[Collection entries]
═══

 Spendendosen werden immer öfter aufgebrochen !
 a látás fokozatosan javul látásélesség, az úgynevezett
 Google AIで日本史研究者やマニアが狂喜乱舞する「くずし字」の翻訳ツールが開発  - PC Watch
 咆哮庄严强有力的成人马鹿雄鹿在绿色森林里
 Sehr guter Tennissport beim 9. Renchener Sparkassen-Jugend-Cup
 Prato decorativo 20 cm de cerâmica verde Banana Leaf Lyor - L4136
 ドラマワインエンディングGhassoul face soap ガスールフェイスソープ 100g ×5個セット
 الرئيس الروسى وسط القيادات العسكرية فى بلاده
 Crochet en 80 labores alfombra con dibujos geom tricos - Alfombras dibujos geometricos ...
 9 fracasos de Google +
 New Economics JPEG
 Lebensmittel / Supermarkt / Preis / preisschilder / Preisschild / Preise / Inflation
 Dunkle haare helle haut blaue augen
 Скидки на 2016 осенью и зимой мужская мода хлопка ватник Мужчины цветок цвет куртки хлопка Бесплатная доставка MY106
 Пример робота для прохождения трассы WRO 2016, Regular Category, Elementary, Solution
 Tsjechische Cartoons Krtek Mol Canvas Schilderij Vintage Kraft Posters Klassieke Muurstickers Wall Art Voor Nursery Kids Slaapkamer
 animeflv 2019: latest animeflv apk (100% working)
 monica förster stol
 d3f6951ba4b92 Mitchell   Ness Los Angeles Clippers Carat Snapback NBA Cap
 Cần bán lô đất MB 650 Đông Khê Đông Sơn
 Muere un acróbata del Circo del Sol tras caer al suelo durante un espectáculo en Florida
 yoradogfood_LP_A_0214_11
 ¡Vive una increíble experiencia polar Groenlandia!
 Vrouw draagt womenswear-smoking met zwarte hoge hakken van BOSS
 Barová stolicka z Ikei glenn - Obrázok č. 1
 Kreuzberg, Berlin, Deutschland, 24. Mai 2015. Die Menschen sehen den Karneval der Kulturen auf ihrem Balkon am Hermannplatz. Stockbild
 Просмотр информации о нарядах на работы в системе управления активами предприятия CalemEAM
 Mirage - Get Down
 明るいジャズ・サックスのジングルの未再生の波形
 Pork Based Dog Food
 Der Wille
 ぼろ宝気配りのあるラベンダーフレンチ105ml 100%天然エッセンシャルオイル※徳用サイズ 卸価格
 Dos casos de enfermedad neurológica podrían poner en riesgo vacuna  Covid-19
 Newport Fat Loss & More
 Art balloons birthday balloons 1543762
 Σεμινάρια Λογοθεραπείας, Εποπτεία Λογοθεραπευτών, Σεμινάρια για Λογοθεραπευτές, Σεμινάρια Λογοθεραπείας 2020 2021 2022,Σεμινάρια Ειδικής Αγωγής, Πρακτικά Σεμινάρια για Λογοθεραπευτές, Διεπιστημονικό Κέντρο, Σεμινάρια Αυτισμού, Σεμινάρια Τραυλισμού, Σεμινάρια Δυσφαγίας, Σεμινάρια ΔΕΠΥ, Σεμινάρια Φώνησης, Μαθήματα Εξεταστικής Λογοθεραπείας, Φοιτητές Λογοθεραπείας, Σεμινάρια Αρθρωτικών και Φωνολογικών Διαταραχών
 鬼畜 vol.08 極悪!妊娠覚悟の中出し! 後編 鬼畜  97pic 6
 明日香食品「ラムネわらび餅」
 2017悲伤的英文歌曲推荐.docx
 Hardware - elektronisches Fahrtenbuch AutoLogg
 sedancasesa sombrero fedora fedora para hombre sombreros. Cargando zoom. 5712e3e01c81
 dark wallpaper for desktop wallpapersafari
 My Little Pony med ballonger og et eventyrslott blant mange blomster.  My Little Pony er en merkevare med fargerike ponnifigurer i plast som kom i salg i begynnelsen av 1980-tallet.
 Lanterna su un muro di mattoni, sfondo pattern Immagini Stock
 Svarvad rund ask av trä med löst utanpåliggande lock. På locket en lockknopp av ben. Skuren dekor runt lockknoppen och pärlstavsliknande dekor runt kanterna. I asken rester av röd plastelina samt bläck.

═══

→ **What needs to be done**
With the line holding "Pork Based Dog Food" as the first and the line holding "2017悲伤的英文歌曲推荐.docx" as the last, set down that range of the entries above exactly, and nothing else.

→ **Exercise output**
 Pork Based Dog Food
 Der Wille
 ぼろ宝気配りのあるラベンダーフレンチ105ml 100%天然エッセンシャルオイル※徳用サイズ 卸価格
 Dos casos de enfermedad neurológica podrían poner en riesgo vacuna  Covid-19
 Newport Fat Loss & More
 Art balloons birthday balloons 1543762
 Σεμινάρια Λογοθεραπείας, Εποπτεία Λογοθεραπευτών, Σεμινάρια για Λογοθεραπευτές, Σεμινάρια Λογοθεραπείας 2020 2021 2022,Σεμινάρια Ειδικής Αγωγής, Πρακτικά Σεμινάρια για Λογοθεραπευτές, Διεπιστημονικό Κέντρο, Σεμινάρια Αυτισμού, Σεμινάρια Τραυλισμού, Σεμινάρια Δυσφαγίας, Σεμινάρια ΔΕΠΥ, Σεμινάρια Φώνησης, Μαθήματα Εξεταστικής Λογοθεραπείας, Φοιτητές Λογοθεραπείας, Σεμινάρια Αρθρωτικών και Φωνολογικών Διαταραχών
 鬼畜 vol.08 極悪!妊娠覚悟の中出し! 後編 鬼畜  97pic 6
 明日香食品「ラムネわらび餅」
 2017悲伤的英文歌曲推荐.docx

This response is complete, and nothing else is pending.